→ **WHAT YOU SHOULD DO**: Once you find the line below that has "Petit Hôtel Confidentiel", output it and every line after it exactly, stopping after the line that has "Brennan 0304-C-16 Steel", with no pictures.

→ **RECORDS FOR PROCESSING**:
########################################

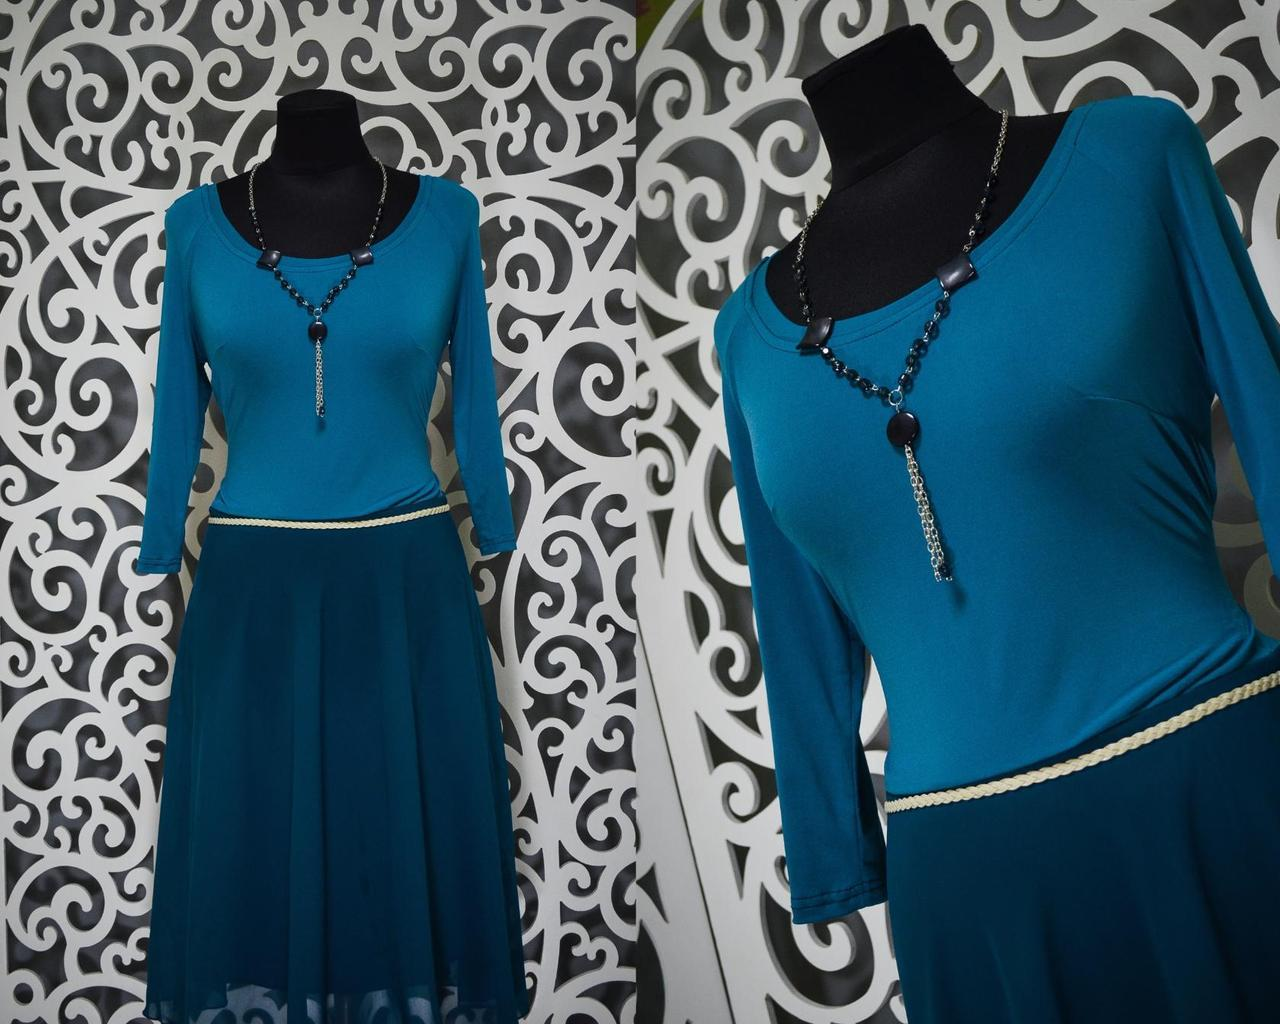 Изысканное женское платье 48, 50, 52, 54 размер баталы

########################################

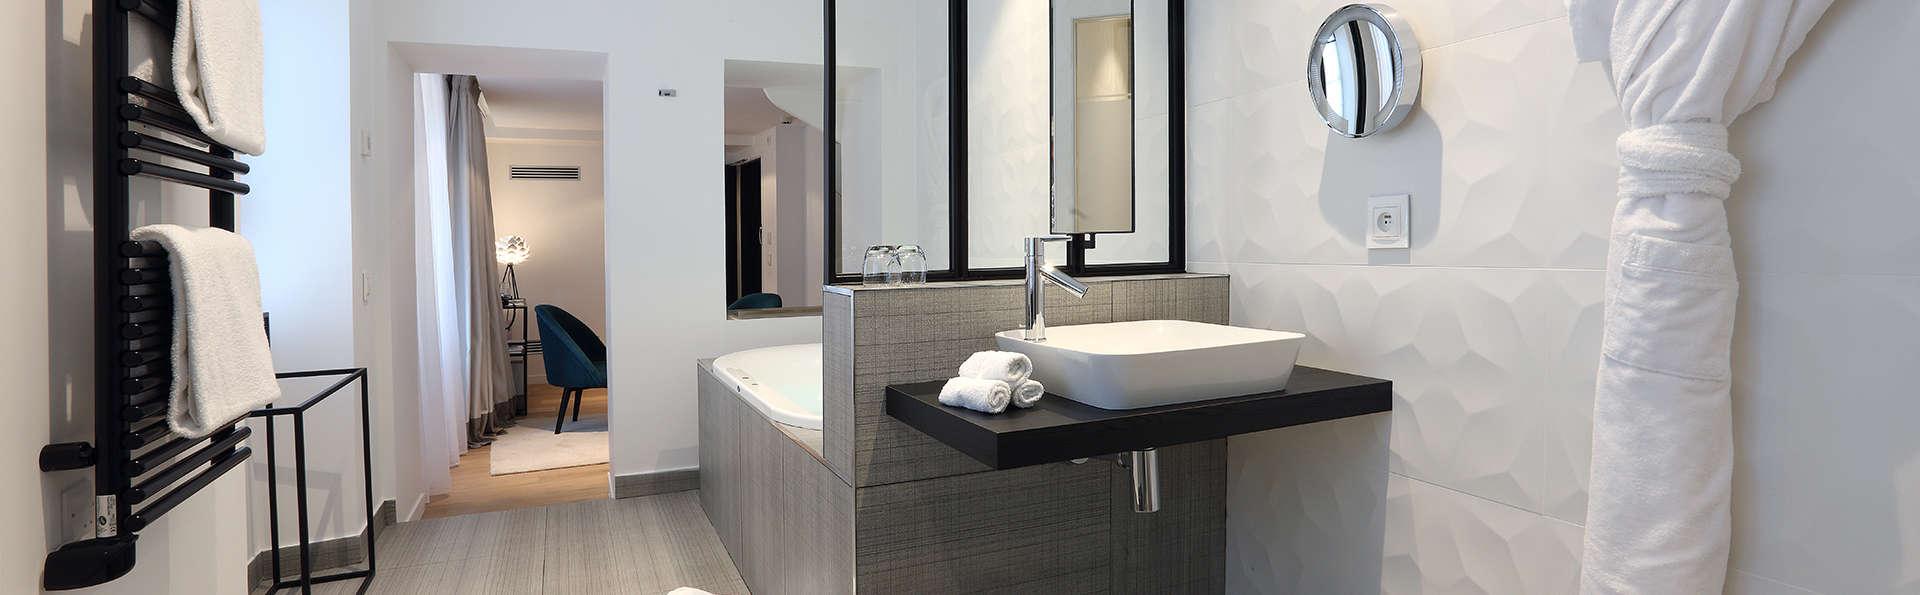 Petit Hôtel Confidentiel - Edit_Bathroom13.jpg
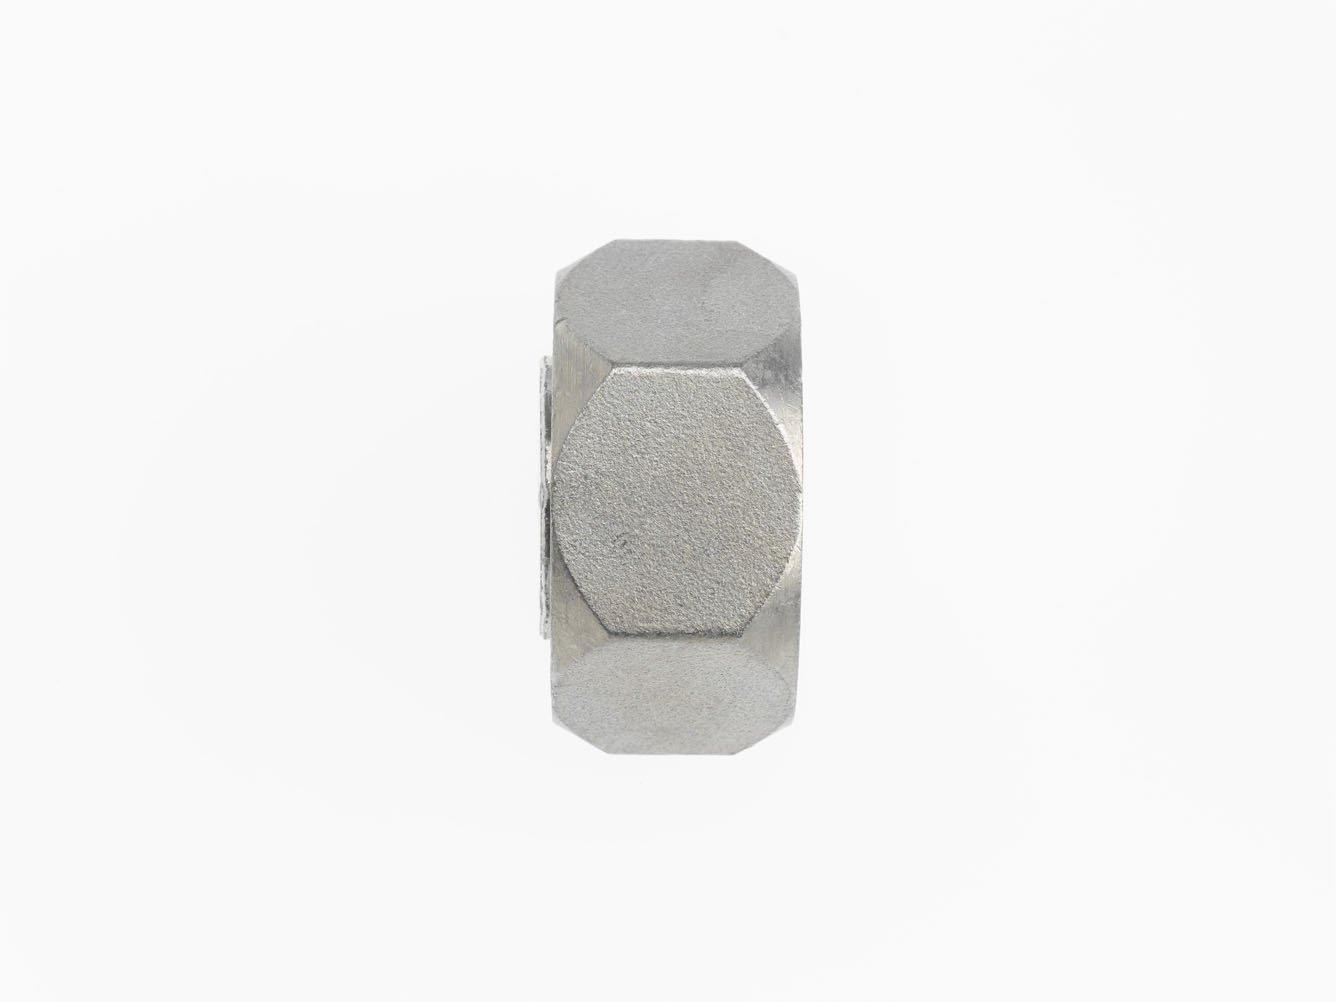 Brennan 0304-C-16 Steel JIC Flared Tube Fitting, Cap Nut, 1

########################################

→ **TASK OUTPUT**:
 Petit Hôtel Confidentiel - Edit_Bathroom13.jpg
 Brennan 0304-C-16 Steel JIC Flared Tube Fitting, Cap Nut, 1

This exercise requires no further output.